Это после Чернобыля?

АЛЕКСИЕВИЧ

Никто не знает. Может, после Чернобыля, может, от всей жизни. Я личное не хочу говорить, потому что это получается потом такой шлейф всяких вещей, которых я не хочу. Все будут говорить не о том, что делает Алексиевич, а с кем она спит.

ИНТЕРВЬЮЕР 

А в Чернобыль вас пропустили, вам не надо было бумаг каких-то делать?

АЛЕКСИЕВИЧ

Нет, тогда было время растерянности. Прямо внутрь пустили, в зоне я была. Во-первых, мои родители жили в Мозырском районе, он частично был тоже захвачен. Моя мать из-за этого почти ослепла. В той деревне была целая улица людей, которых перевезли из Чернобыля. Сначала считалось, что только с 10-километровой зоны вокруг станции надо их перевезти. Потом ученые передумали: надо было с 30-километровой. А потом уже поняли, что даже 100-километровая зона все равно местами очень зараженная. Уже много лет спустя, когда я была в Фукусиме, там, по-моему, [ближе] 20 километров уже нельзя было. Ты мог какую угодно бумагу иметь, но тебя уже не пропустят.

ИНТЕРВЬЮЕР 

В те дни после аварии чего было больше, молчания или вранья?

АЛЕКСИЕВИЧ 

Больше непонимания. Вот Адамович, помню, убедил Горбачева прислать ученых, которые приехали без бритвенных приборов. Им говорят: взрыв на атомной станции — едут на день-два. Уже несколько месяцев прошло, я поехала в первый раз, и люди рассказывали мне вещи, которых не понимали. Что рыбаки не могли найти червяков — червяки ушли далеко в землю. На сырных заводах не взбивалась сырная масса. Пчелы не вылезали из ульев. Эвакуация началась, по-моему, в первый месяц. Старухи прятались и не уезжали. И я одной начинаю говорить что-то про радиацию. Она: «Та я бачила ту радиацию! Она вот такая, желтенькая с зелененьким.
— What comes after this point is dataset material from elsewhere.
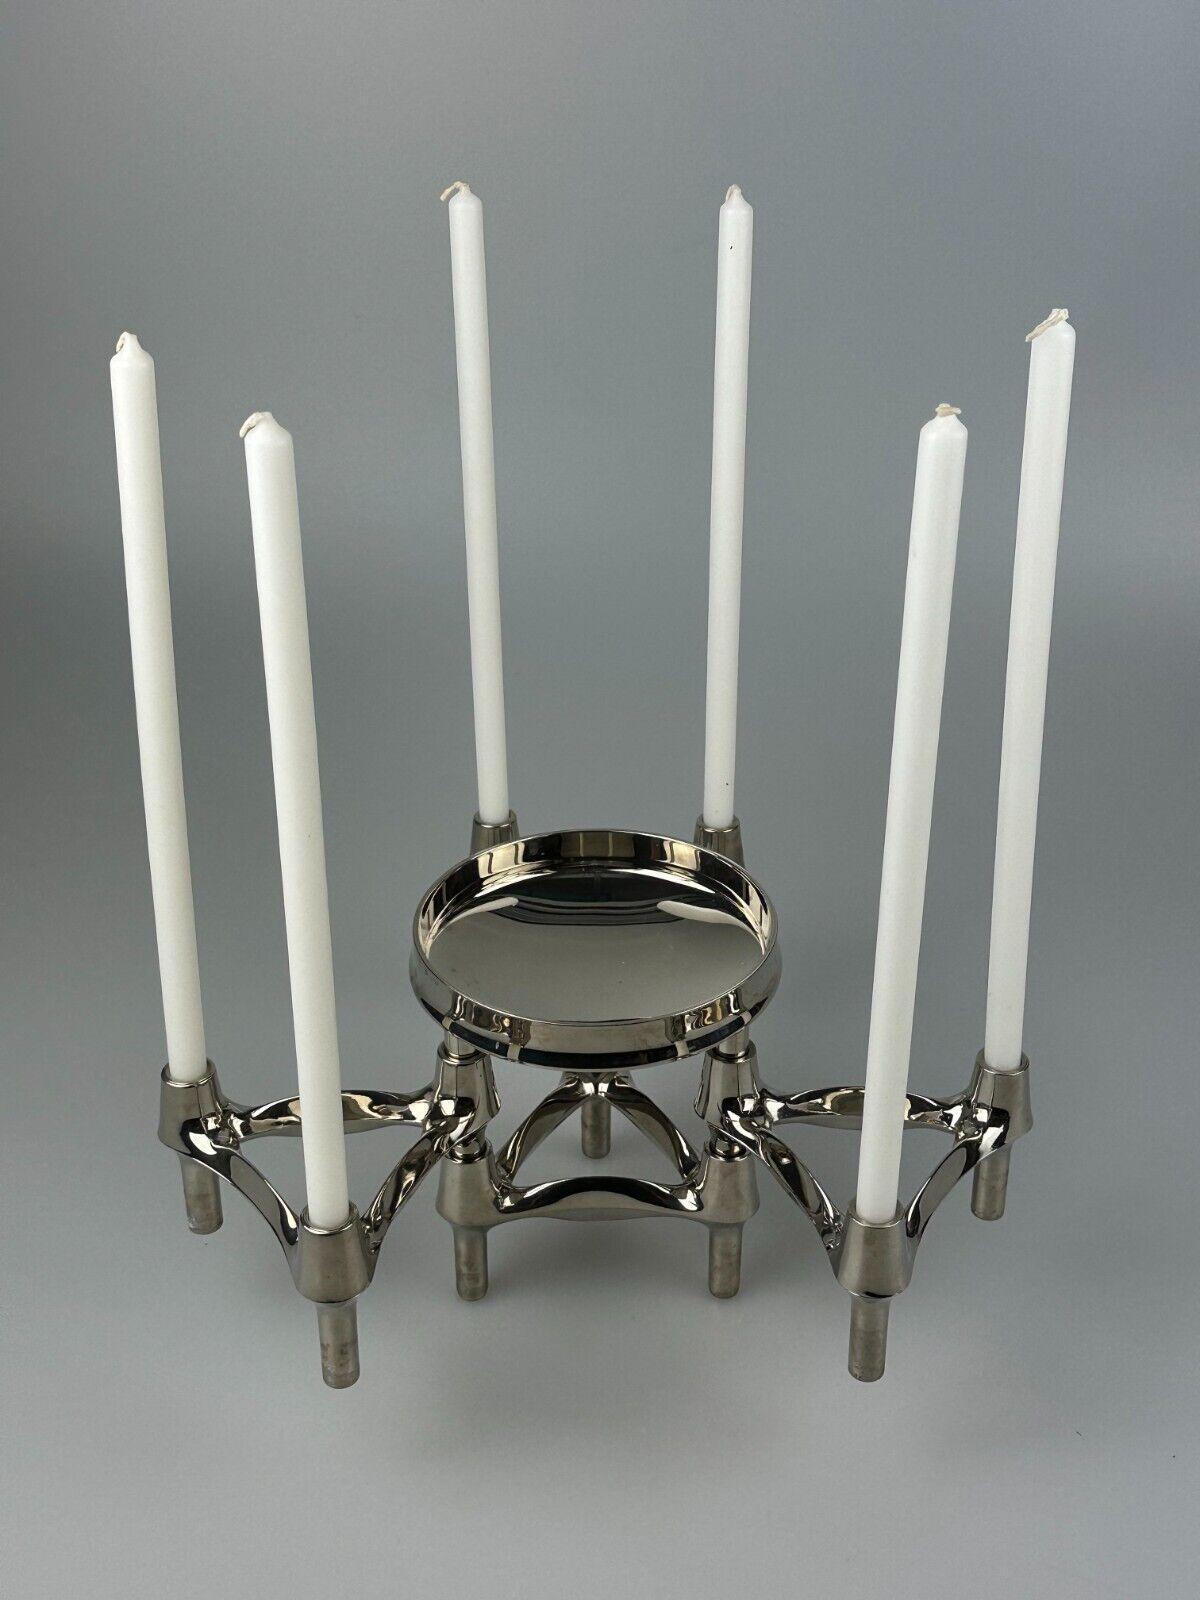 German 60s 70s BMF Nagel Quist candlestick 4 elements and bowl plug-in system

Такие в огороде я лужи видела, бабам рассказала, и мы побегли: и у той на огороде, и у той на огороде нашли!» Боже, это было дико, как это ум осваивал человеческий. 

Там же это как анекдот рассказывают, вот говорит Горбачев: «Я хочу посмотреть». Ему объясняют: «Вы не можете посмотреть радиацию, она невидима». — «Нет, я хочу». Еще я встречала там ребят, их прислали с Афганистана на вертолетах. Я говорю: «Ребята, а что вы тут делаете со своими пулеметами?» Они говорят: «Набираем радиацию, что мы тут делаем». Одни бегают с автоматами, а рядом в деревнях [другие] солдаты моют дрова или землю хоронят в земле. Взрывается все мировоззрение, которое у нас было. И ты понимаешь, что культура — это сундук, набитый старыми рукописями. А в этом сундуке не было книг, которые могли бы мне помочь. Философы наши оказались беспомощны перед неведомым. Деррида, Бодрийяр — во всем мире философия замолчала. Что это и как с этим быть? И тогда я решила, что надо просто засвидетельствовать. Я это просто сделала. 

ИНТЕРВЬЮЕР 

Я еще хотела вас расспросить вот про то, как вы с людьми разговариваете. 

АЛЕКСИЕВИЧ

Вот как с вами.

Светлана (слева) с сестрой Тамарой, 1958

ИНТЕРВЬЮЕР

Точно так?

АЛЕКСИЕВИЧ 

Ну да, сидим, разговариваем обо всем. И о том, что меня интересует, и вообще о жизни, про любовь свою, и про все на свете. И тогда то, что находится, получается объемное. А если вы выхватите только тот кусок, который вам нужен, как делают журналисты, это будет неинтересно и это будет неправдой. Не полной правдой.

ИНТЕРВЬЮЕР 

А люди открываются на вопросы, или вопросы мешают?

АЛЕКСИЕВИЧ 

Нет, конечно, надо спрашивать. Ты должен содрать банальность и вернуть человека самому себе, чтобы он действительно погрузился в себя, [в то], что внутри и чем он редко пользуется. И эту работу каждый раз с каждым человеком по-новому делаешь. И, когда ему интересны вопросы или вы рассказываете, как у вас что-то было, тогда он идет к себе. Надо помочь ему себя говорить, а не то, что схвачено с газет. Это не все могут и не все хотят так утруждаться. Начинает действовать какая-то химия. Или она работает, или нет. Встречаешься — прекрасный человек, но химии нету. И ты знаешь: не получится. Можно сделать, но это умом будет сделано, а не тайной. А жизнь — не по уму. Ты можешь позвонить человеку через два года после нашего разговора, и он говорит: «О, Светочка! А я про тебя часто вспоминаю», — и мы начинаем опять говорить. А с другим — нет. Человек… не то, что он обыкновенный, просто он не твой. Может, у него и есть какое-то знание, но у тебя нет антенны, чтобы это достать. 

ИНТЕРВЬЮЕР 

То есть от взаимной влюбленности идет вот эта искренность?

АЛЕКСИЕВИЧ 

Всегда все говорят за столом: «Света, ну почему ты молчишь?» — а мне интересно слушать. Себя я, может быть, не поняла тоже — сложно разобрать свои слова и поступки, — но это другой разговор. Мне интересен мир. Это идет просто от породы. Вот отец мой был такой — мать ругала, — что остановит какую-то бабку, понесет бабке ведро с водой и потом стоит и час с ней разговаривает. 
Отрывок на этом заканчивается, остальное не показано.